## WHAT IS EXPECTED
Leaving the images aside, transcribe all the data below exactly.

## RAW DATA
▬▬▬▬▬▬
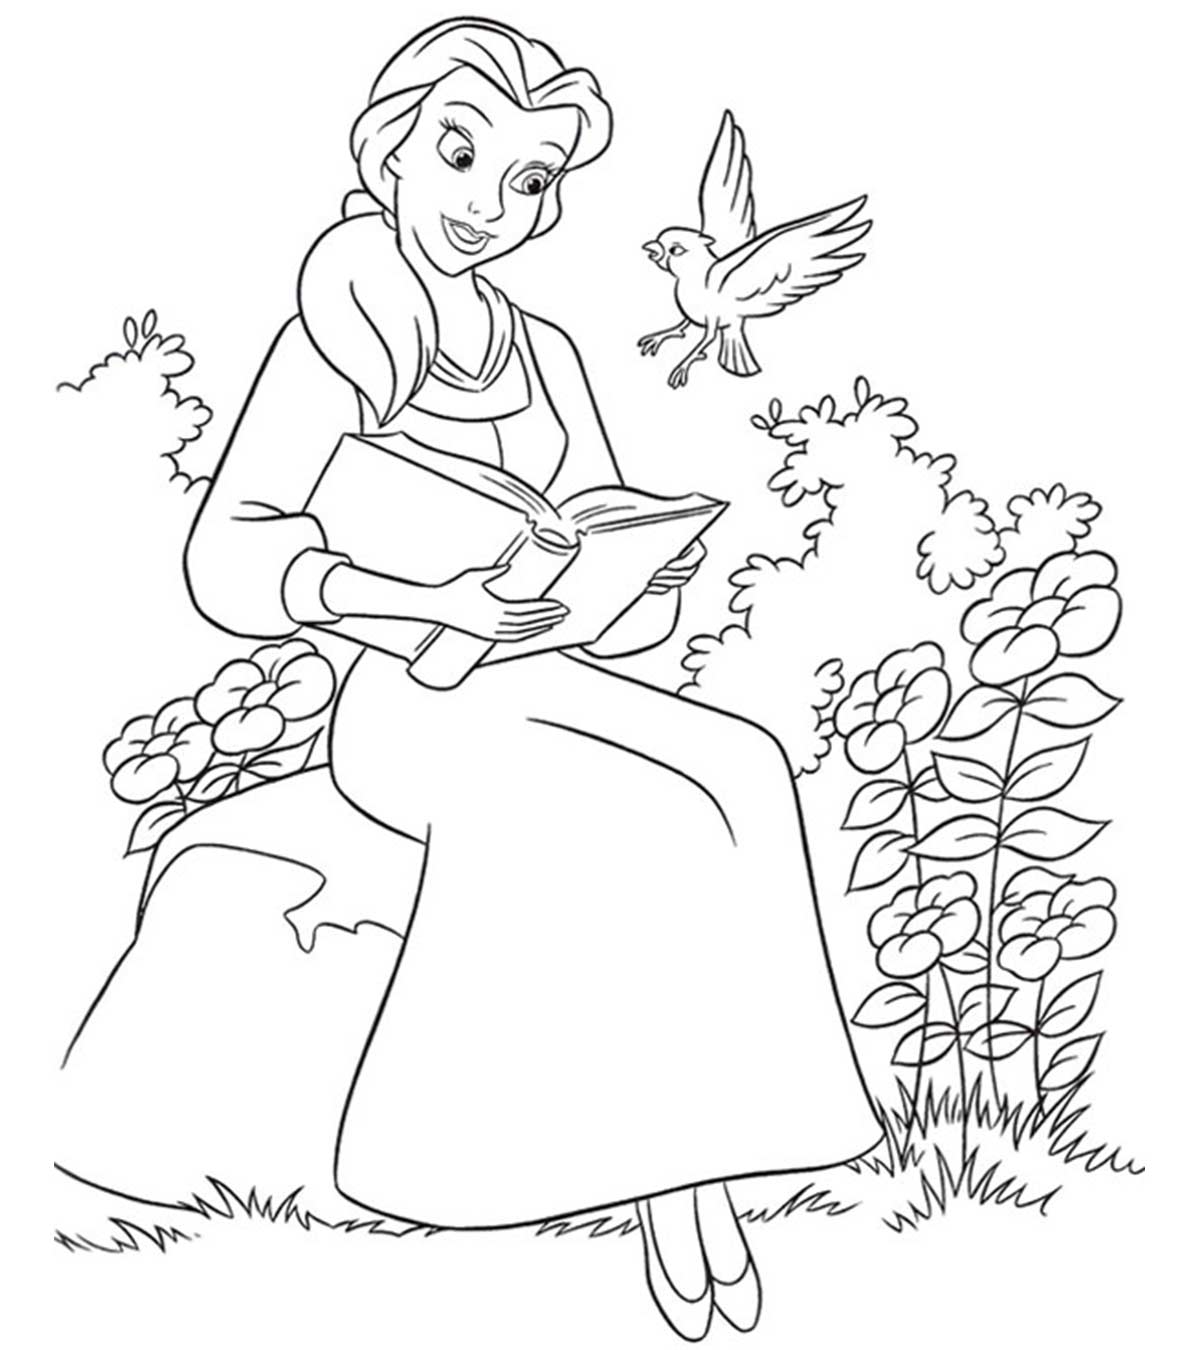 10 Wonderful Beauty And The Beast Coloring Pages For Your Toddler_image
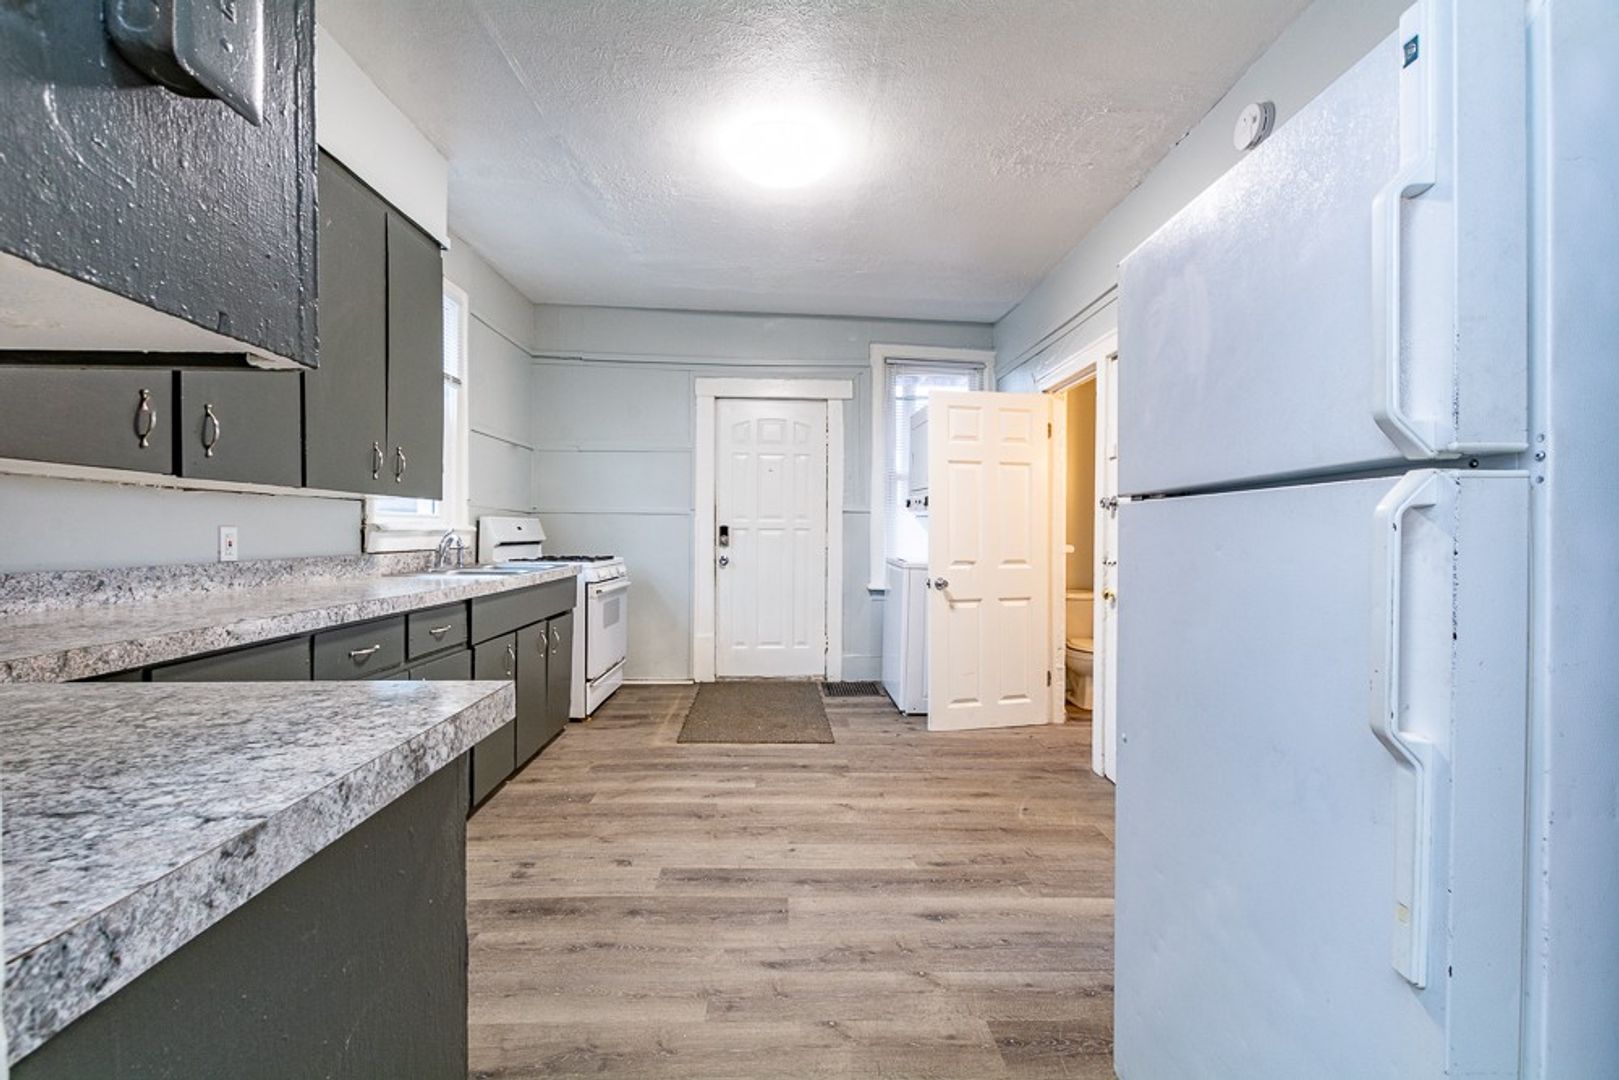 Two Bedroom Near Bridge Street with Washer/Dryer in Unit!
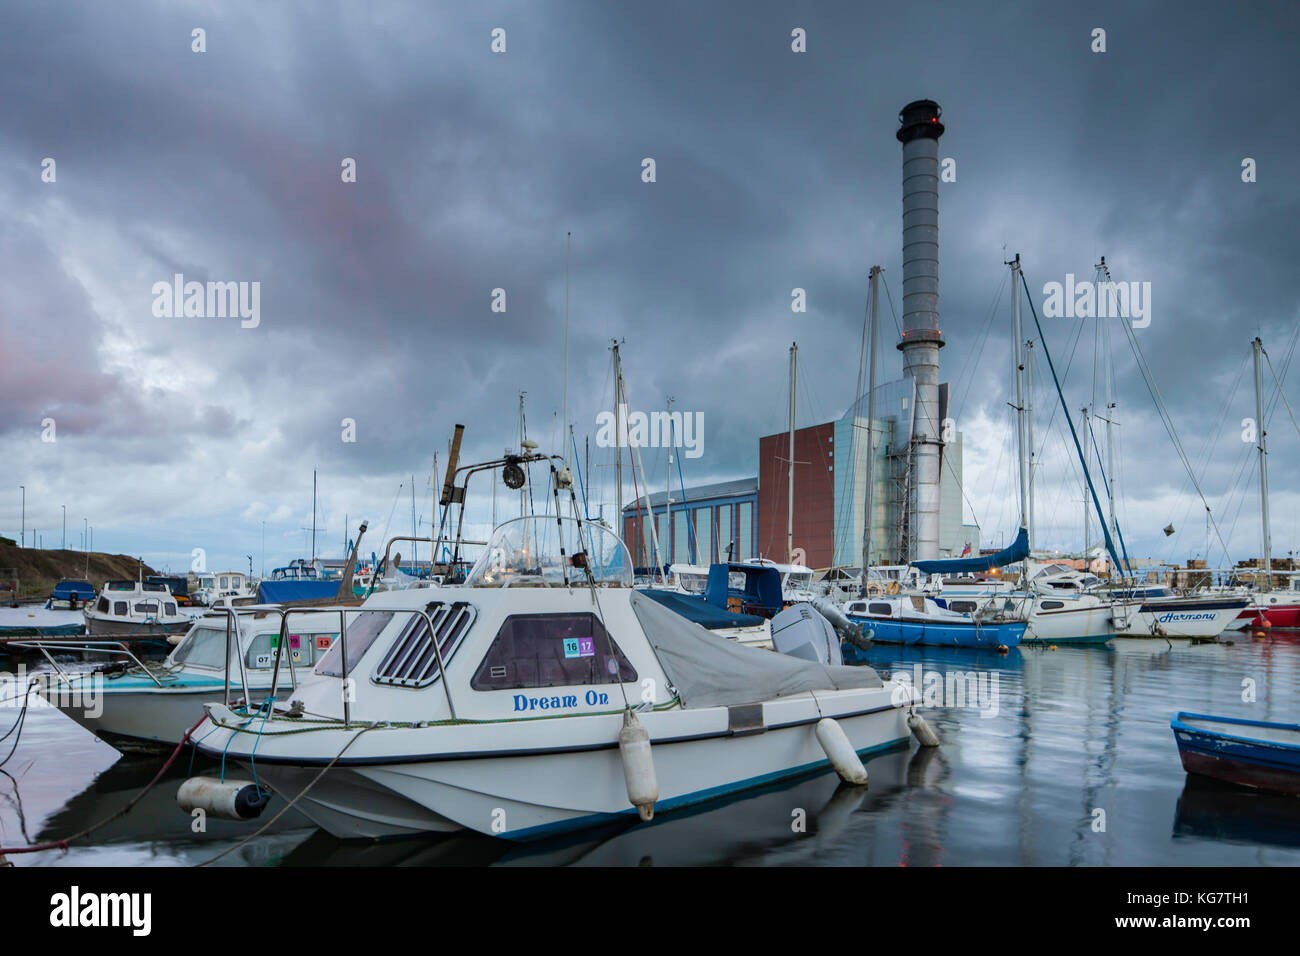 Stormy sky over Shoreham Port in Southwick, West Sussex, England. Stock Photo
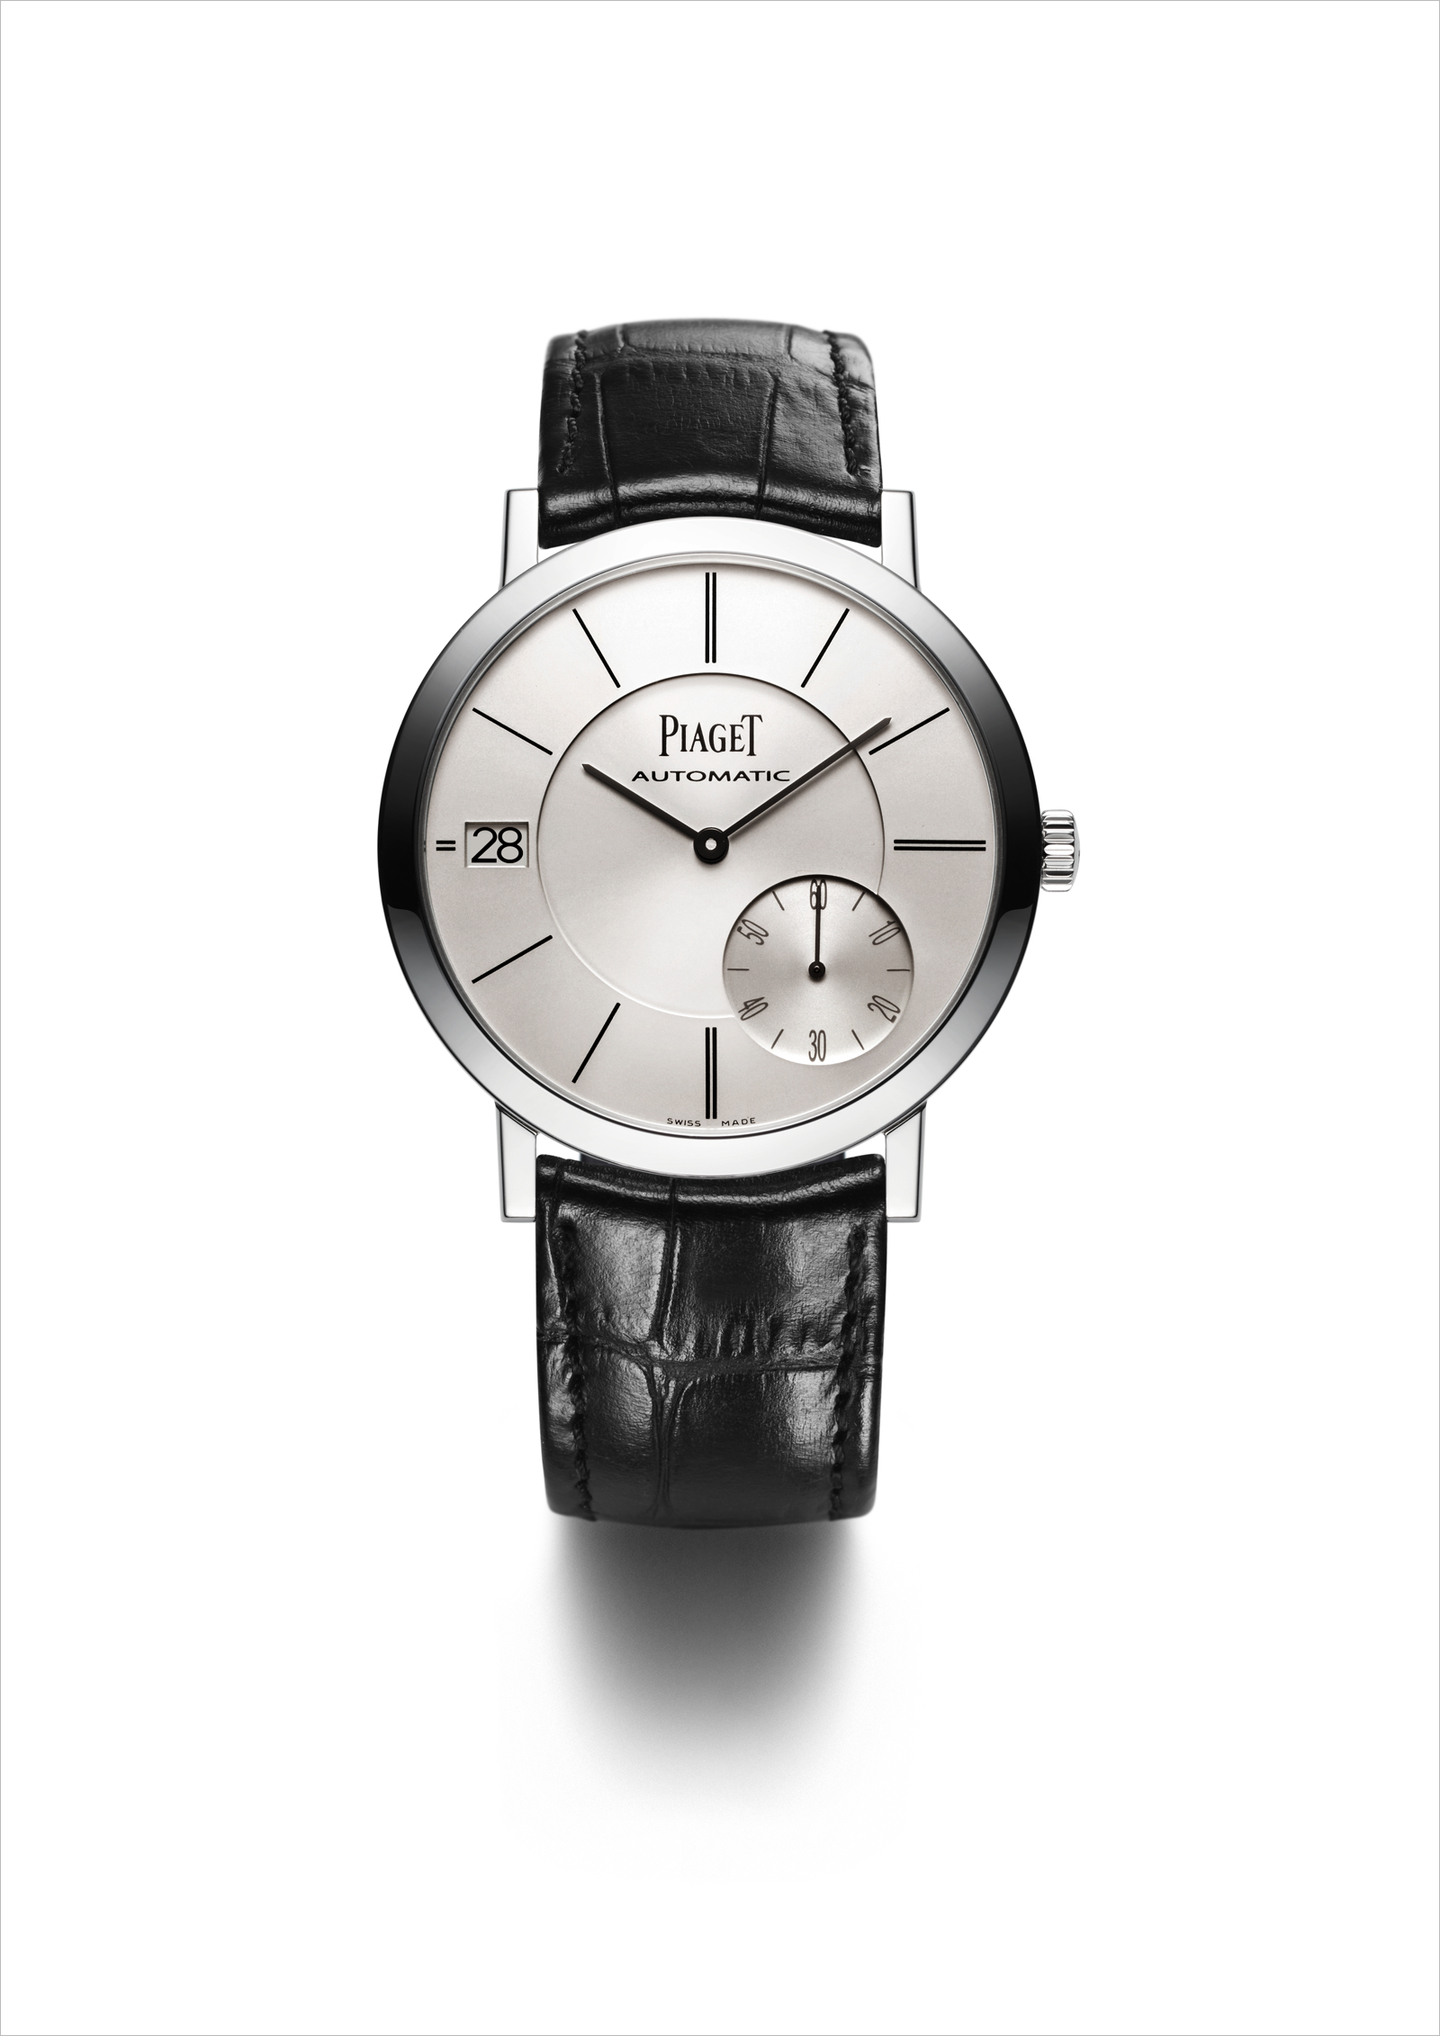 New 40mm Piaget Altiplano Date Introduced At SIHH
▬▬▬▬▬▬
## EXPECTED OUTPUT
 10 Wonderful Beauty And The Beast Coloring Pages For Your Toddler_image
 Two Bedroom Near Bridge Street with Washer/Dryer in Unit!
 Stormy sky over Shoreham Port in Southwick, West Sussex, England. Stock Photo
 New 40mm Piaget Altiplano Date Introduced At SIHH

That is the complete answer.